Putting it all together



The processes for fabricating all the individual components of our photonic ICs are now established, which has put us in a position to build our first demonstrator chip, a structure containing 250 microlasers connected to a similar number of detectors with a silicon-wire waveguide array (see figure 7). Due to a processing error, the power coupled from the microsource into the waveguide was very low. However, a preliminary measurement that is still to be verified revealed that up to 60% of this coupled power was picked up by the detector. This result has provided us with the first ever demonstration of a full optical link on a nanophotonic waveguide platform, and clearly shows the potential of this technology.
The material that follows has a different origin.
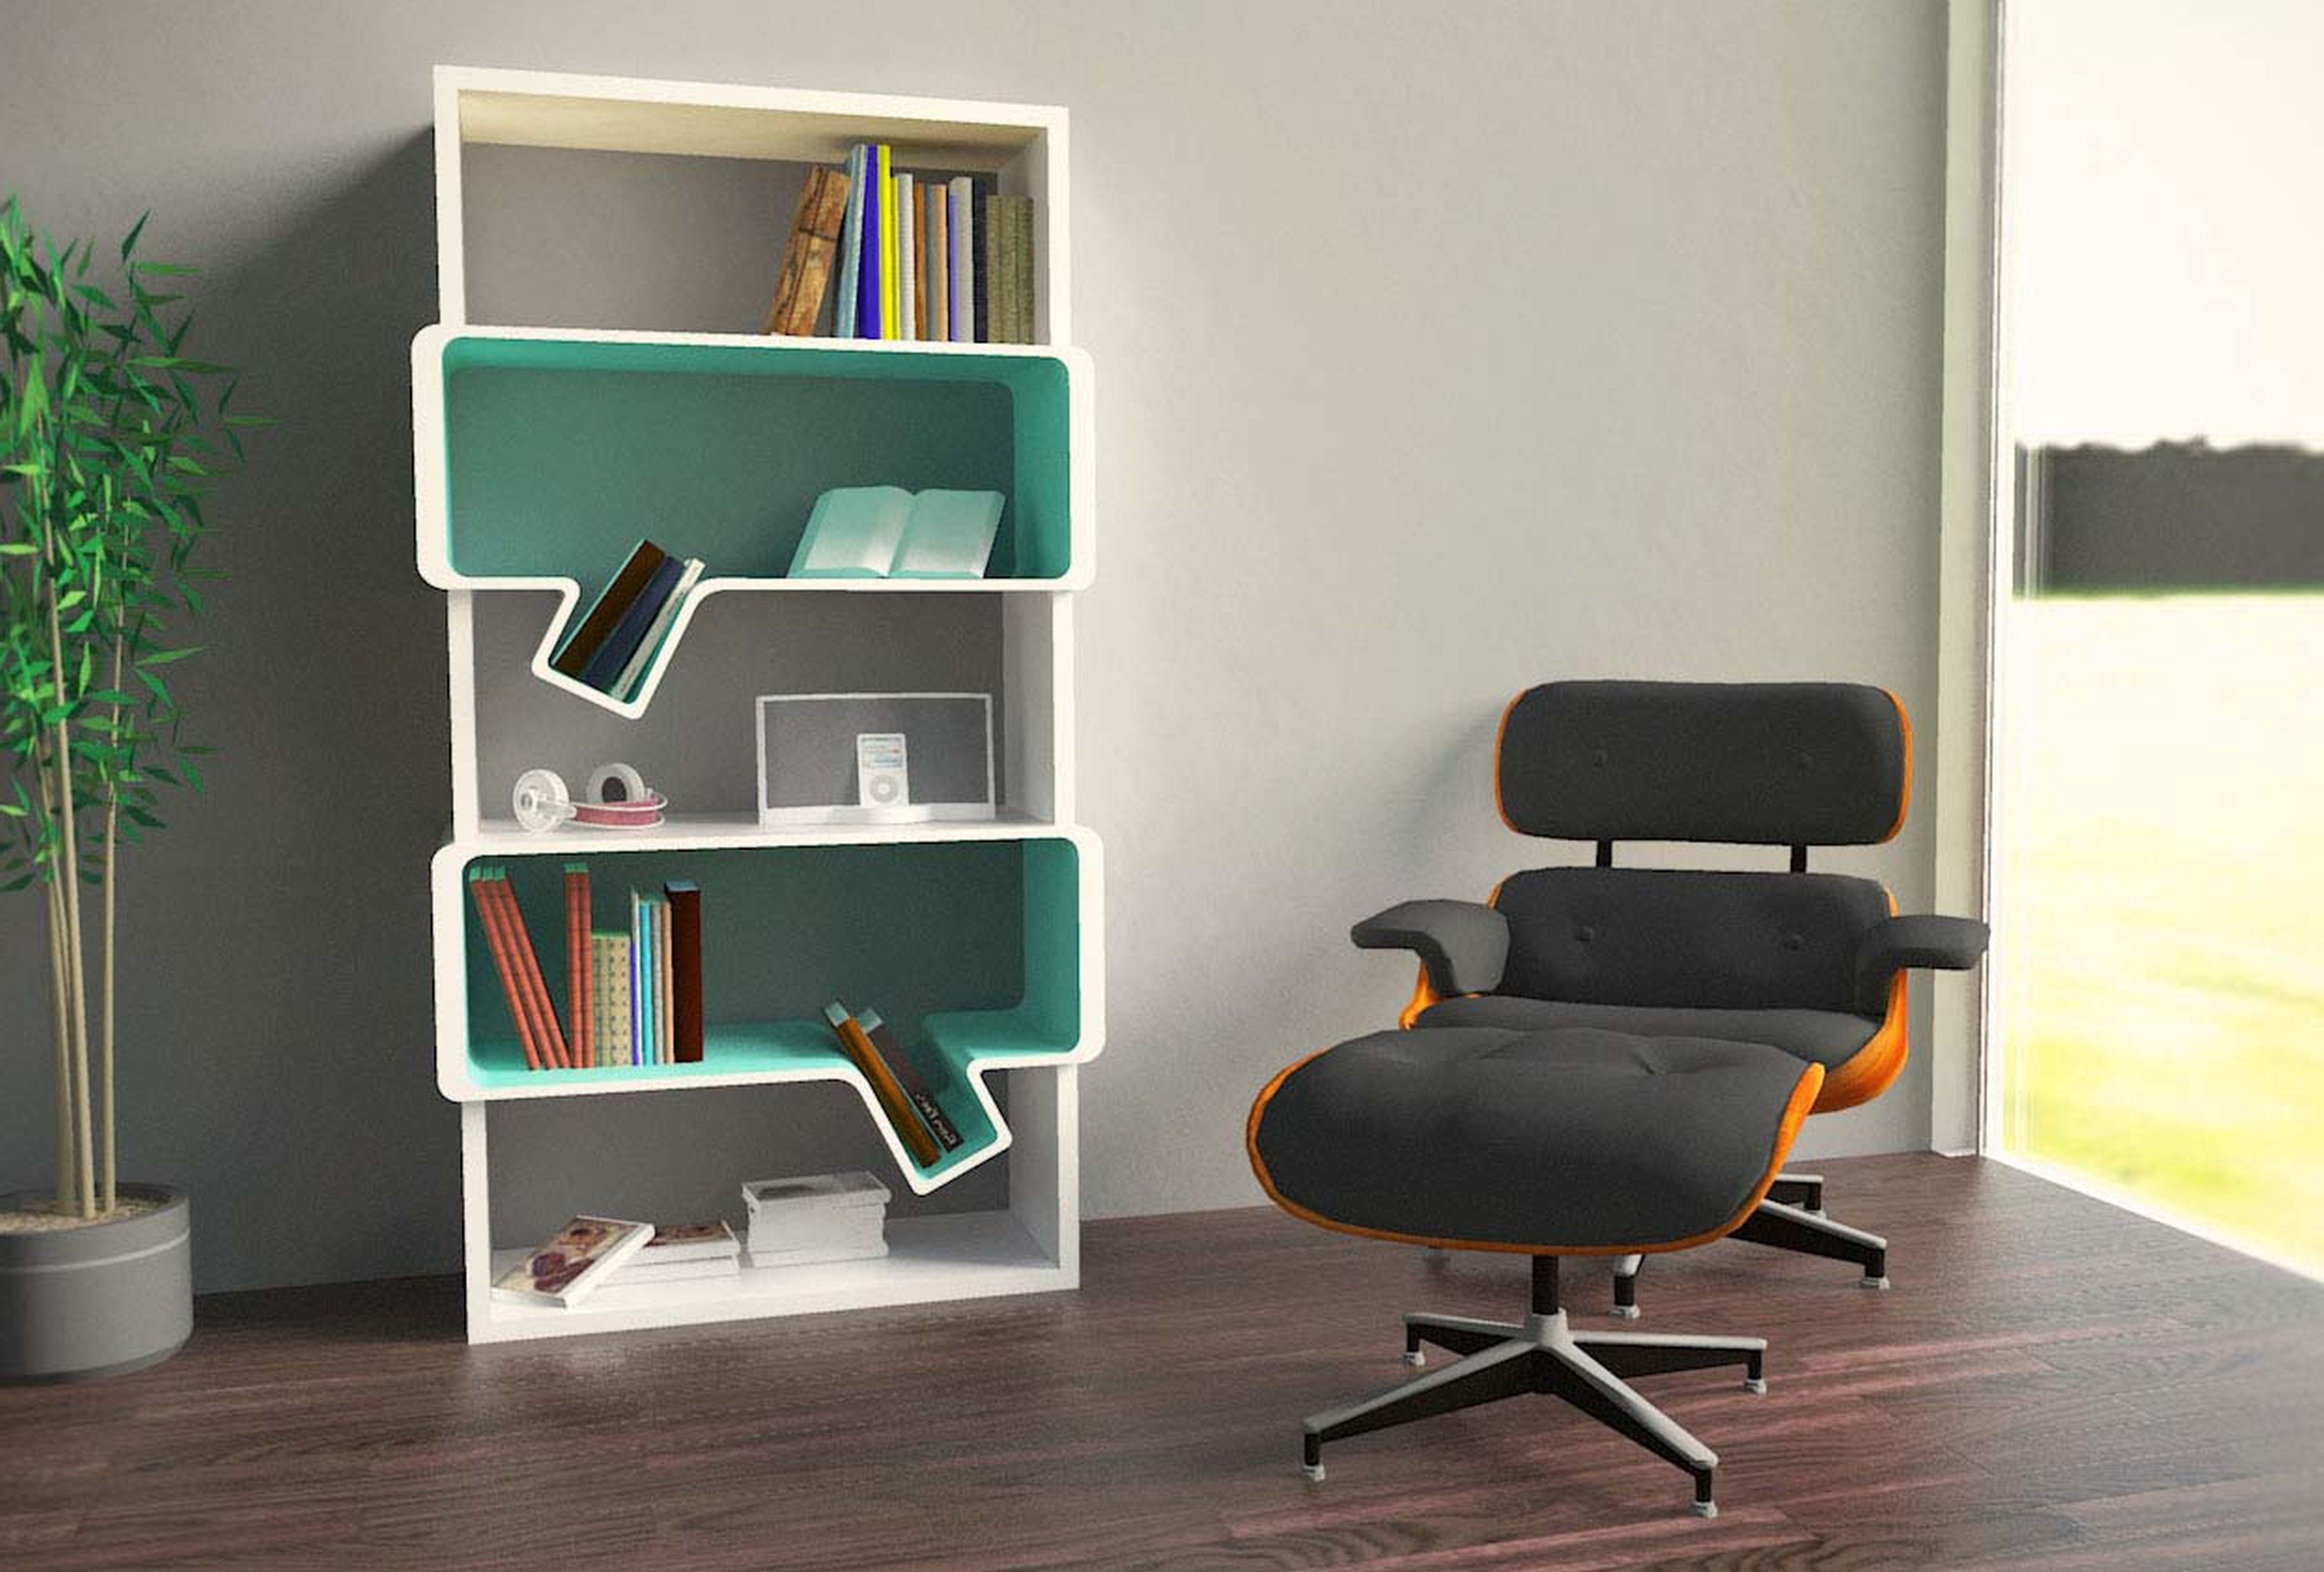 Bookshelf Design Ideasshoisecom Full Size Of Furniturebookshelves Within Design A Bookcase (#10 of 15)
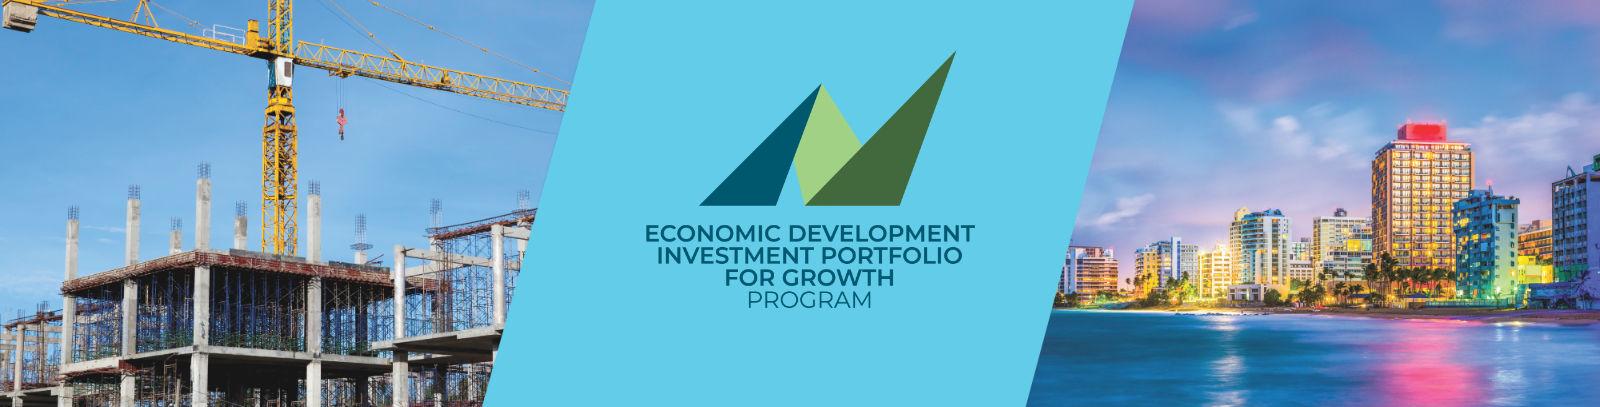 Investment Portfolio for Growth (IPG) Program

Our next goals, which follow on from the recent PICMOS project, will include the integration of the completed optical layer within an actual CMOS circuit, which could be carried out using a wafer-to-wafer bonding process that is similar to those currently being developed by CMOS chip makers for three-dimensional IC stacking. In addition, we also need to perform complete fabrication of the optical layer in a CMOS fab.

We are already part way towards this goal. A CMOS pilot line and a 200 mm SOI substrate were used for both the silicon waveguide fabrication at IMEC and the die-to-wafer bonding and masking process used for the III-V mesas, which were both carried out at LETI. But the other processing steps, such as etching and metallization, were carried out in the III-V cleanrooms of IMEC, INL and Technical University Eindhoven. To refine the entire process so that it is compatible with a CMOS fab requires a better understanding of potential contamination issues and the development of a CMOS-compatible metallization process – tasks that are currently under development.

Although the PICMOS project specifically addressed on-chip optical interconnects, our
electro-photonic integration platform could also serve other applications. For example, the technology could be used to unite 40 miniature disk lasers, emitting at slightly different wavelengths, with silicon-wire waveguides, and provide a very compact transmitter with capacity of up to 400 Gbit/s for on-chip and off-chip data links. These laser sources could also combine with compact wavelength-division-multiplexing circuits to form complex reconfigurable networks, or be used to build incredibly cheap, but very powerful optical biosensors. So the benefits of the PICMOS platform are potentially both significant and wide-ranging, and only time will tell how far this approach to building optical interconnects will permeate into tomorrow s chip technology.